Kubernetes (often referred to as K8s) is an open-source container orchestration tool which means it’s a tool used to automate the deployment, management, scaling, and networking of containers. Kubernetes is the industry’s most popular option but there are a few others such as Docker Swarm and Apache Mesos. Rat Hat OpenShift is another flavor of Kubernetes with enterprise grade security features and pre-built configuration settings and is also extremely popular for large companies. Understanding Kubernetes can allow data engineers to deploy, scale, and manage data applications without having to constantly rely on a DevOps team.

VuTrinh.

Kubernetes for Data Engineers

My name is Vu Trinh, and I am a data engineer…

10 months ago · 44 likes · 7 comments · Vu Trinh

💡 Key Insight

TL;DR - Kubernetes is not an essential skill for data engineers to know. At least not right now.

Kubernetes is a fantastic tool for managing large-scale deployments and unpredictable workloads. However, it also adds additional complexity and requires expertise in building infrastructure and networking to use effectively. Several data engineers said plainly that most companies do not face the scale or bursty workloads (meaning sudden spikes in data volumes) that justifies the additional labor and maintenance required to support it (though some companies may take on that challenge regardless).

The built-in autoscaling of most other managed container services is likely a better choice for the majority of organizations. One major caveat however is that the quantity and complexity of data is increasing rapidly every year.

3. Do you think data engineers need to spend much time learning OLTP systems?

OLTP systems are often the source of the data that data engineers work with in OLAP systems. While DEs are not usually responsible for OLTP systems, it can still be beneficial to spend some time understanding how they work as upstream changes can directly affect your work.

💡 Key Insight

It’s a recurring joke in the data engineering community that DEs are often given a hot mess of data and only through herculean efforts and band-aid solutions does it become usable. This is at least partly due to the fact that application development tends to prioritize immediate functionality, without always considering the downstream implications for data.

As a data engineer, you probably don’t have to become an expert in OLTP systems but engineers that have a foundational knowledge of both OLTP and OLAP systems can improve both by collaborating with application development teams to design performant schemas that also make downstream data pipelines more efficient.

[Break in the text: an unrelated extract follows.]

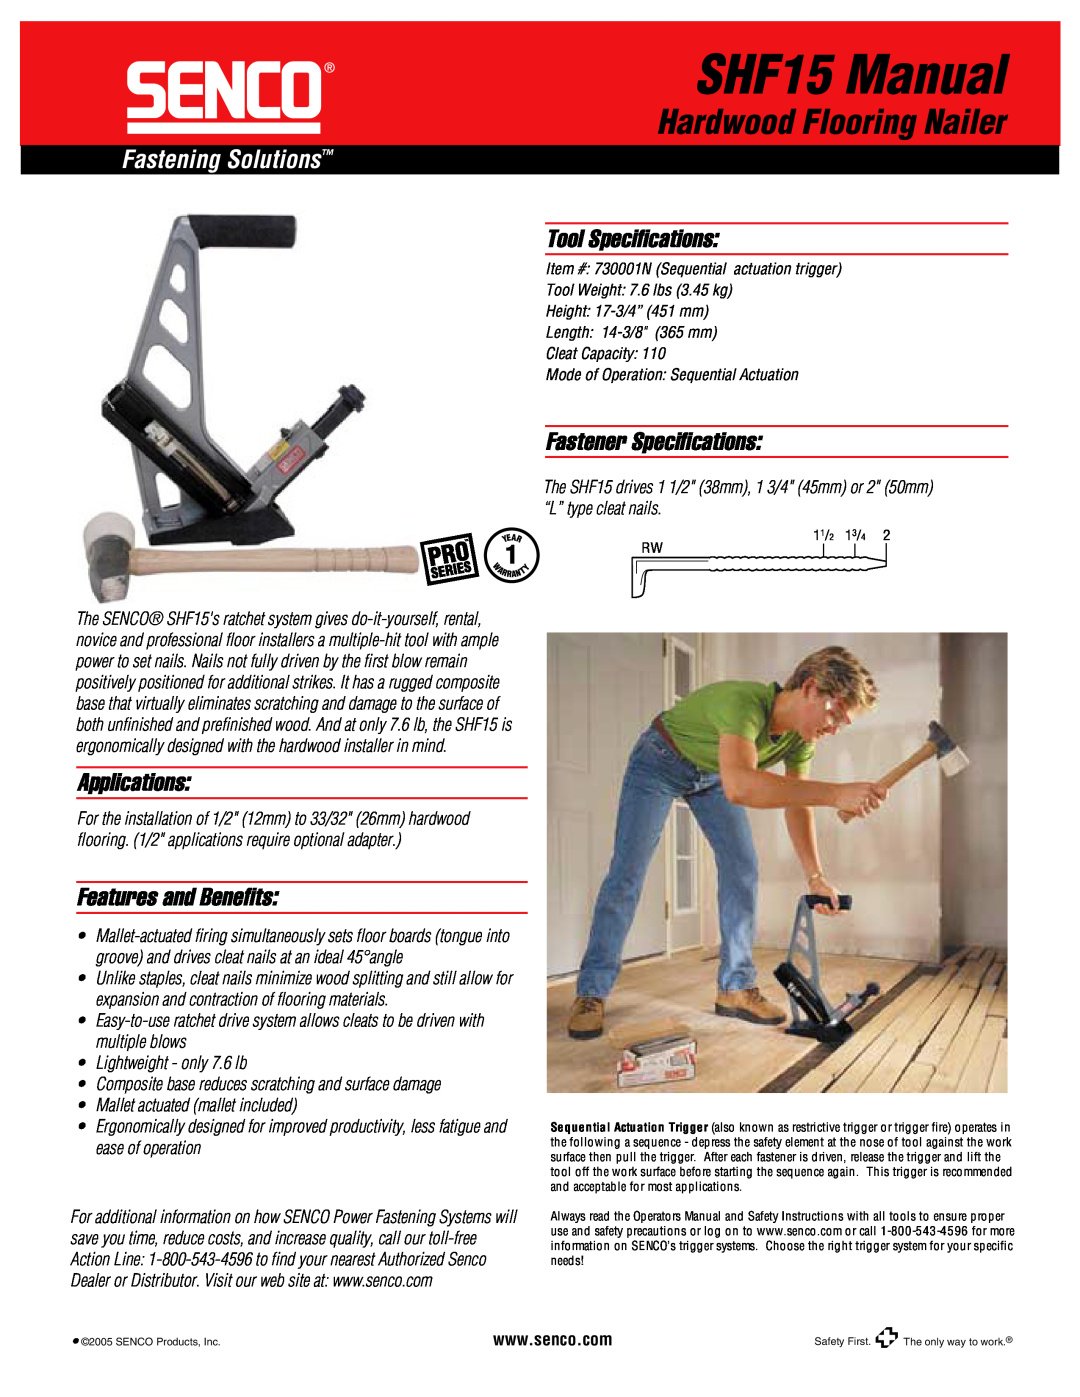 Senco specifications SHF15 Manual, Hardwood Flooring Nailer, Fastening Solutions, Tool Speciﬁcations, Applications

One member also pointed out that databases used typically for OLTP workloads (e.g. PostgreSQL and MySQL) are also often used for data warehousing at smaller scales. Overall, understanding the basics is time well spent, but the inner complexities and in-depth knowledge is typically not necessary.

Industry Pulse

Here are some industry topics and trends from this month:

Data Intelligence End-to-End with Azure Databricks and Microsoft Fabric

A new architecture guide was published this month by Azure in conjunction with Databricks.

The Data Intelligence End-to-End Architecture provides a scalable, secure foundation for analytics, AI, and real-time insights across both batch and streaming data. The architecture seamlessly integrates with Power BI and Copilot in Microsoft Fabric, Microsoft Purview, Azure Data Lake Storage Gen2, and Azure Event Hubs, empowering data-driven decision-making across the enterprise.

Pinterest Tiered Storage for Apache Kafka: A Broker-Decoupled Approach

This month Pinterest shared their open-source implementation of Tiered Storage for Apache Kafka which is decoupled from the broker. By decoupling tiered storage from the broker, Pinterest’s implementation brings the benefits of storage-compute decoupling from MemQ to Kafka and unlocks key advantages in flexibility, ease of adoption, cost reduction, and resource utilization when compared to the native implementation.

*Advantages of a broker-decoupled approach.*

Introducing Netflix’s Key-Value Data Abstraction Layer

Netflix released a deep dive into how their KV abstraction works, the architectural principles guiding its design, the challenges they faced, and the technical innovations that allowed them to achieve performance and reliability at a global scale.